Almost 50 years ago the US Supreme Court recognized that if certain criteria were met, a sentencing judge could accept a plea – in effect a de facto plea of guilty- from an individual who maintained they were, in fact, innocent. Alford plead guilty to second degree murder in order to escape a potential death sentence. Ordinarily, a guilty plea must include a knowing and intelligent waiver of trial and an admission of guilt. The Supreme Court determined that an admission of guilt was not constitutionally required.
“An individual accused of crime may voluntarily, knowingly, and understandingly consent to the imposition of a prison sentence even if he is unwilling or unable to admit his participation in the acts constituting the crime.”
Before the judge can accept such plea, the State must show there is a strong factual basis that the defendant, in fact, committed the crime, and the defendant must clearly show they are willing to accept sentence without a trial, even though they claim they are innocent.
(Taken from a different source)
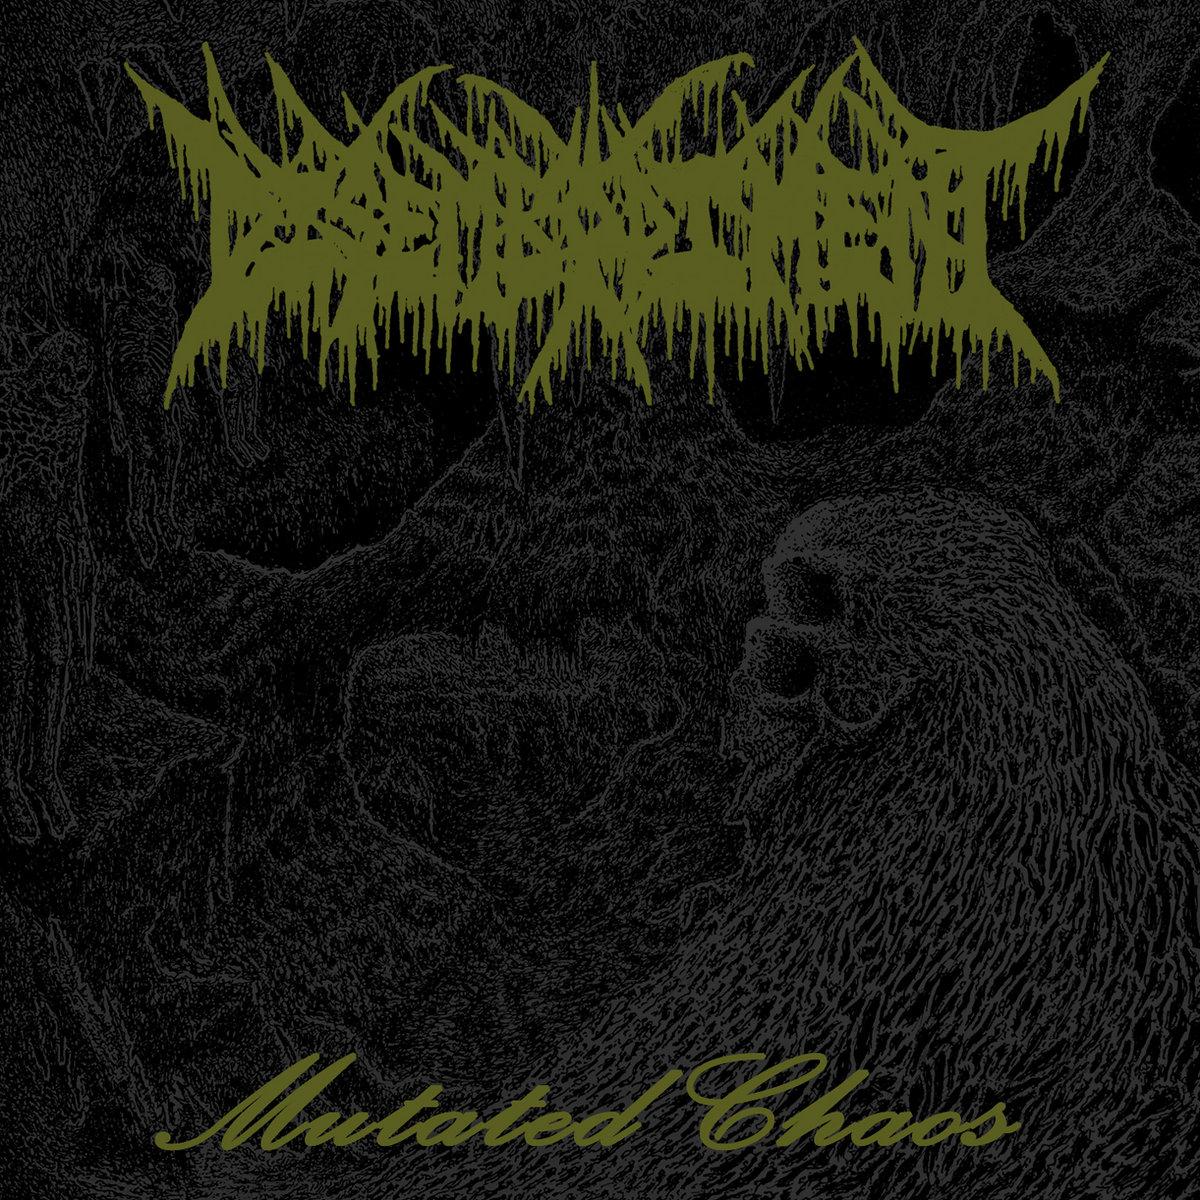 Disembodiment Mutated Chaos Album Cover Artwork

The only admission made by the defendant is that the evidence against him or her is strong, and that they would likely be convicted There is no requirement that the defendant provide his or her actual motivation for entering the plea. Witherspoon v. State, 336 A.2d 819, 26 Md.App. 54 (Md. App., 1975). There are some practical advantages to taking an Alford plea beyond avoiding harsher punishment. The colloquy that accompanies a typical guilty plea contains an admission to certain conduct. Those admissions could later be used, for example, in a subsequent civil trial, against the defendant. At such a trial, the defendant would be free to assert that he or she did not commit the relevant act, an option not available to one who has plead guilty. A defendant, who maintains his or her innocence, does not make those admissions. An individual who does not make an admission of certain conduct cannot have those statements used against them in subsequent professional licensure revocation proceeding. Rudman v. State Board of Physicians, 414 Md. 243 (2010).